The wave of tributes after the death on Saturday of Ann B. Davis, 88, who played the wise-cracking maid on "The Brady Bunch" (1969-1974), is a testament to the comedic talents of the beloved actress, and the place a corny sitcom about a near-perfect blended family has in American popular culture. But it may also reflect nostalgia for an era when the prospect of affording a live-in housekeeper to help raise the family may not have been so, well, far out.
"It's actually shocking what a housekeeper can make," says Charles MacPherson, founder of The Charles MacPherson Academy for Butlers and Household Managers located in Toronto and author of "The Butler Speaks: A Return to Proper Etiquette, Stylish Entertaining, and the Art of Good Housekeeping." A Monday-to-Friday housekeeper/maid could earn $40,000 per year, but a formal live-in housekeeper with knowledge of table settings and etiquette could "easily" earn $65,000 to $70,000, he says.
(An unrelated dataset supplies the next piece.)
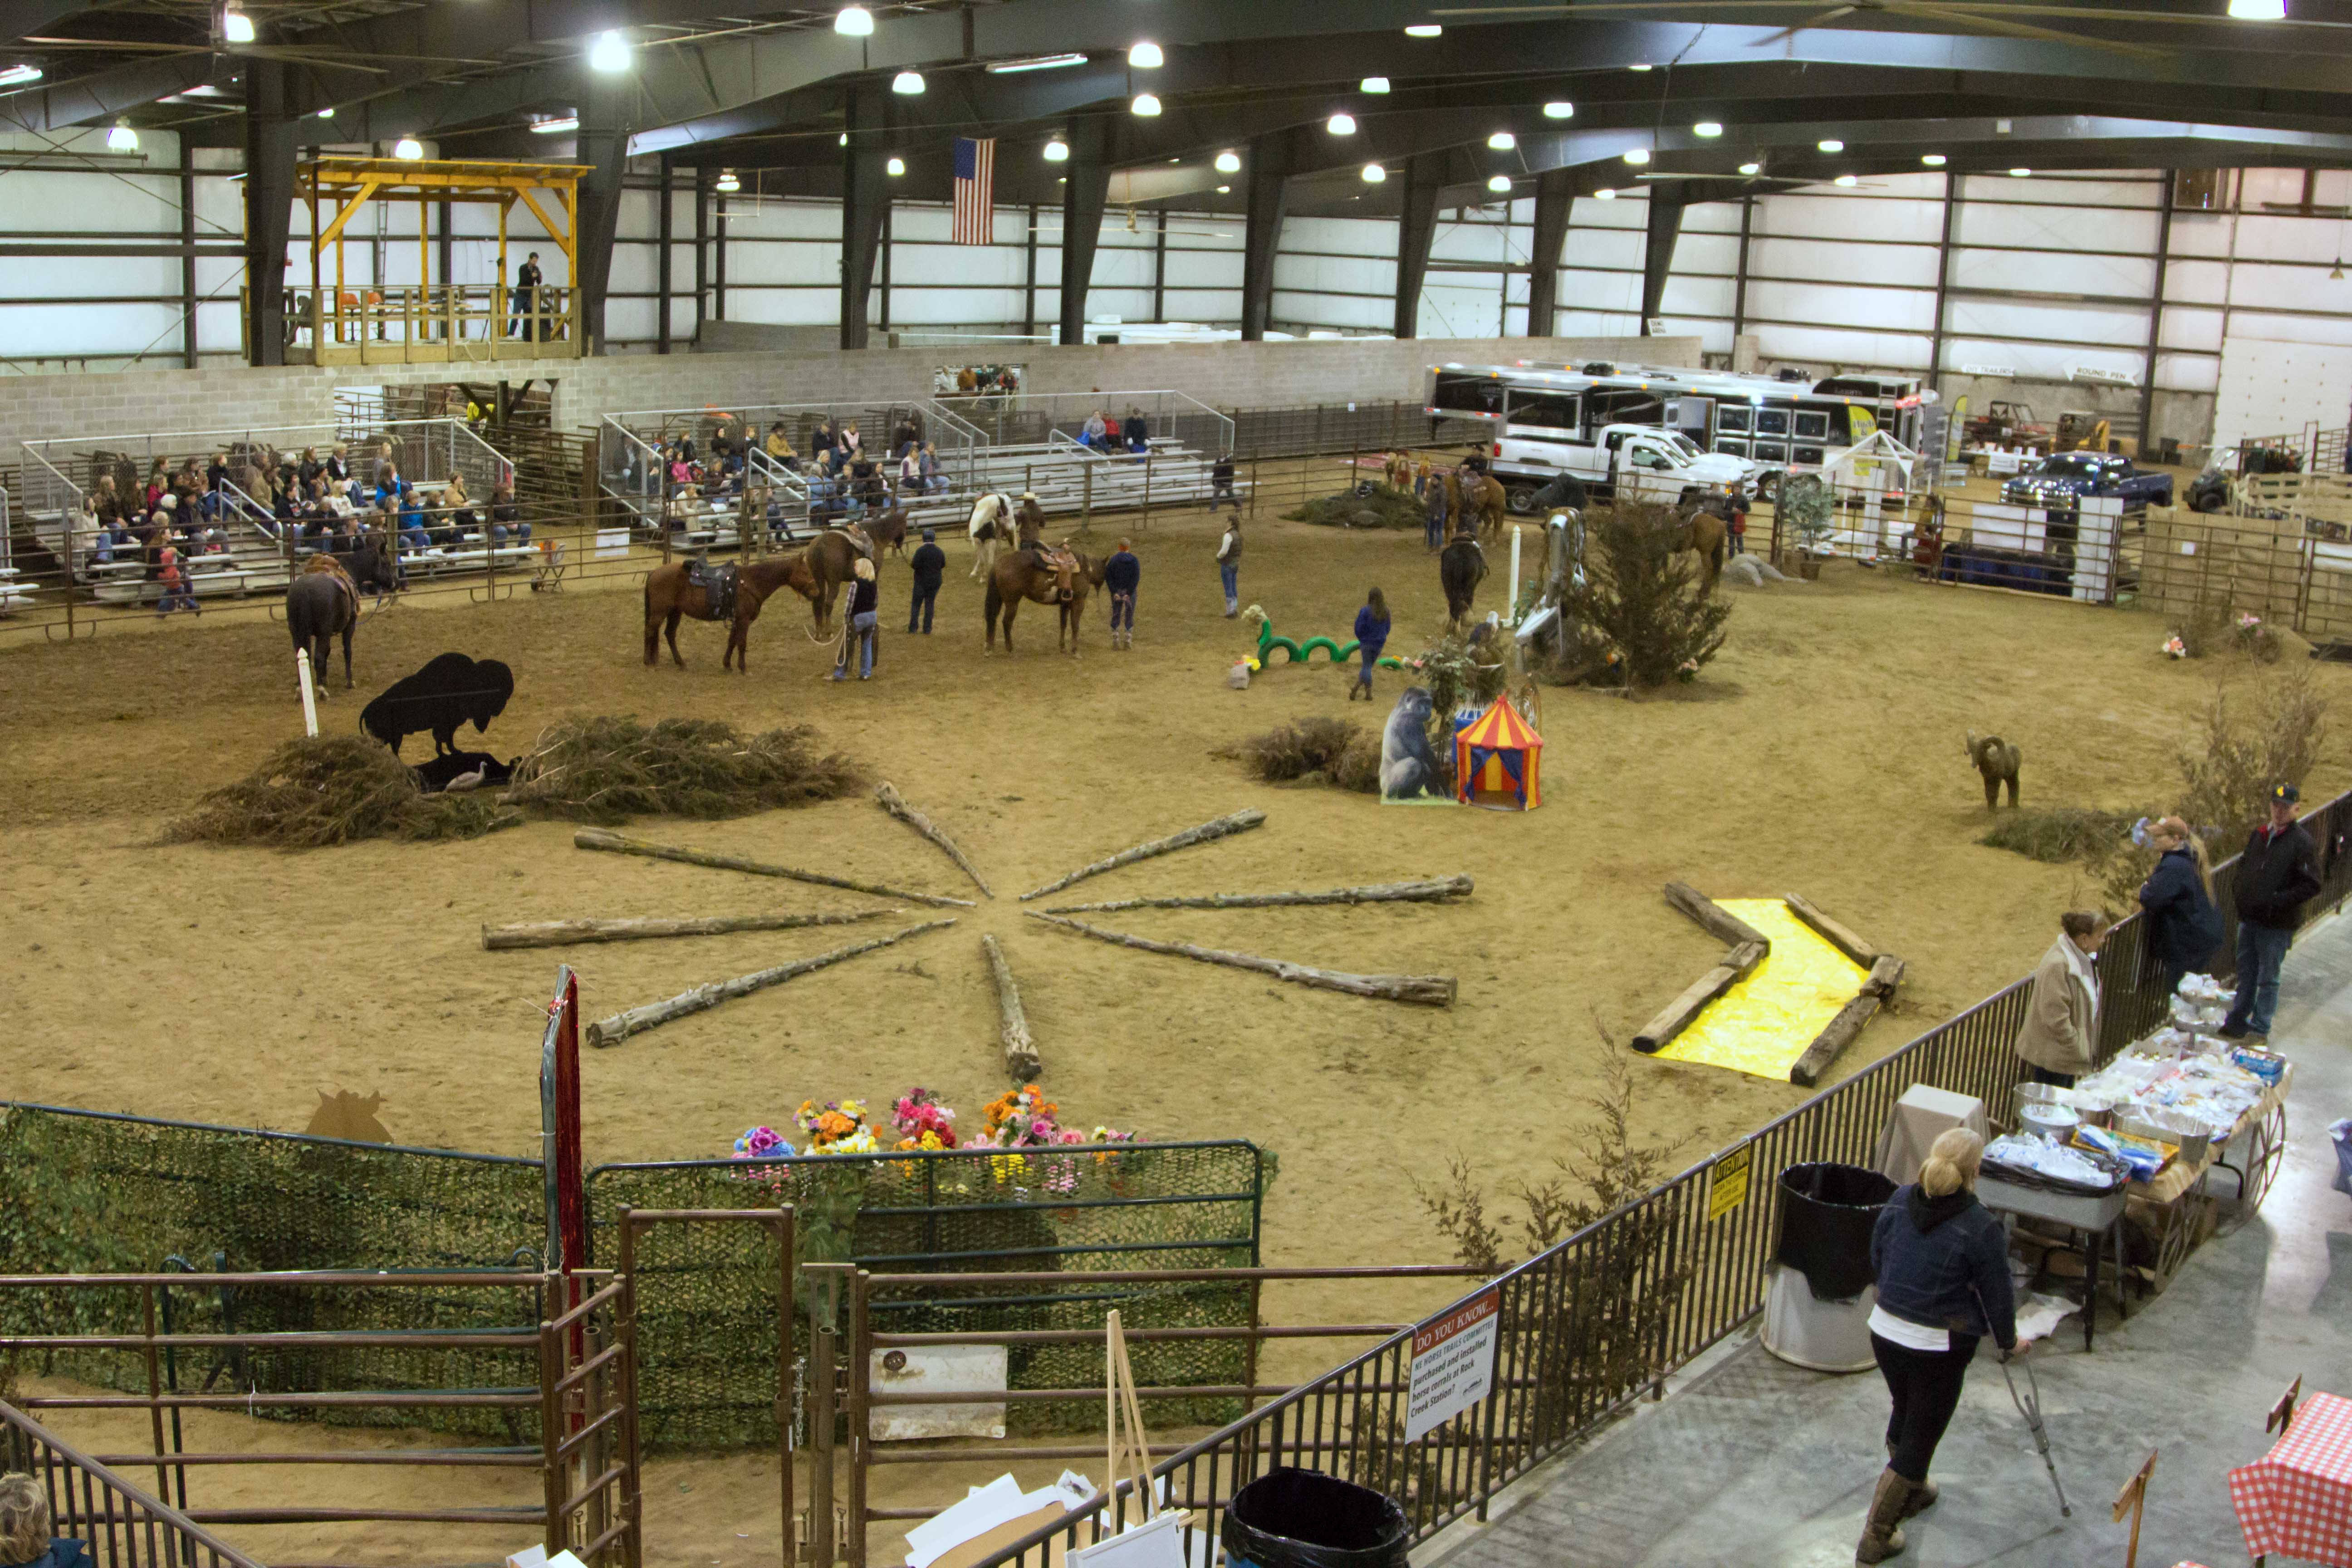 The Nebraska Horse Trails Committee, Inc. Expo Expo

Other organizations support these estimates: In 2014, the annual salary of a live-in housekeeper ranges from $45,000 to over $75,000, according to The Lindquist Group, a residential staffing consultancy. A housekeeper running a home larger than the split-level house from "The Brady Bunch" may include overseeing other employees, cleaning, doing the laundry, ironing, dusting, silver polishing, vacuuming and running errands. Like Alice, duties may also include child care and preparing meals.
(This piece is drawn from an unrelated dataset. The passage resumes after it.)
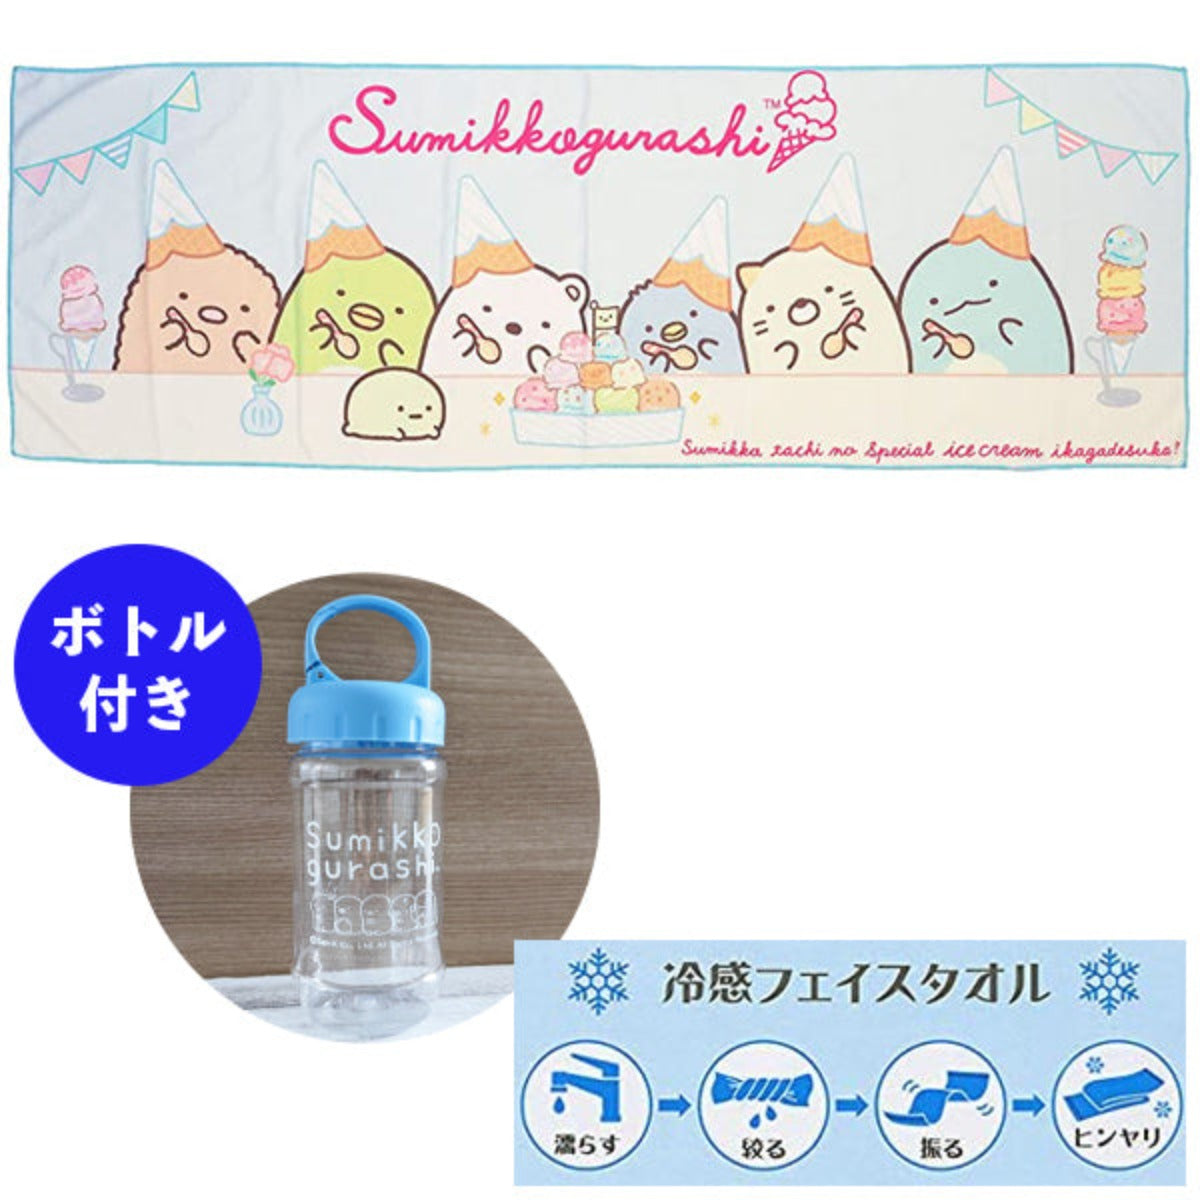 Cool Towel in Bottle - Sumikko Gurashi Blue B5

The nation's 104 million full-time workers had a mean wage of $46,440 last year, less than the cost of a modern day live-in housekeeper like Alice, judging by those estimates. A wealthy family, however, is likely to pay far more than what maids and housekeepers earn in industrial settings like a nursing care facility ($21,360) or rooming and boarding houses ($21,550), according to data from the Bureau of Labor Statistics. And maids who don't live where they work would also have to pay for most of their own meals and accommodation.
Of course, the salary of a live-in housekeeper in a professional setting — like a hotel or assisted living home — can vary depending on the state, and they don't get anything close to what wealthier families pay. SalaryExpert.com, a website that aggregates data from over 10 million job postings, estimates that the average salary of a live-in housekeeper varies from over $20,000 per year in Miami, Dallas, Atlanta and Houston, to roughly $35,000 in Las Vegas and over $40,000 in New York. (Of course, some families pay their housekeepers "off the books," and there’s no data on salaries in these cases.)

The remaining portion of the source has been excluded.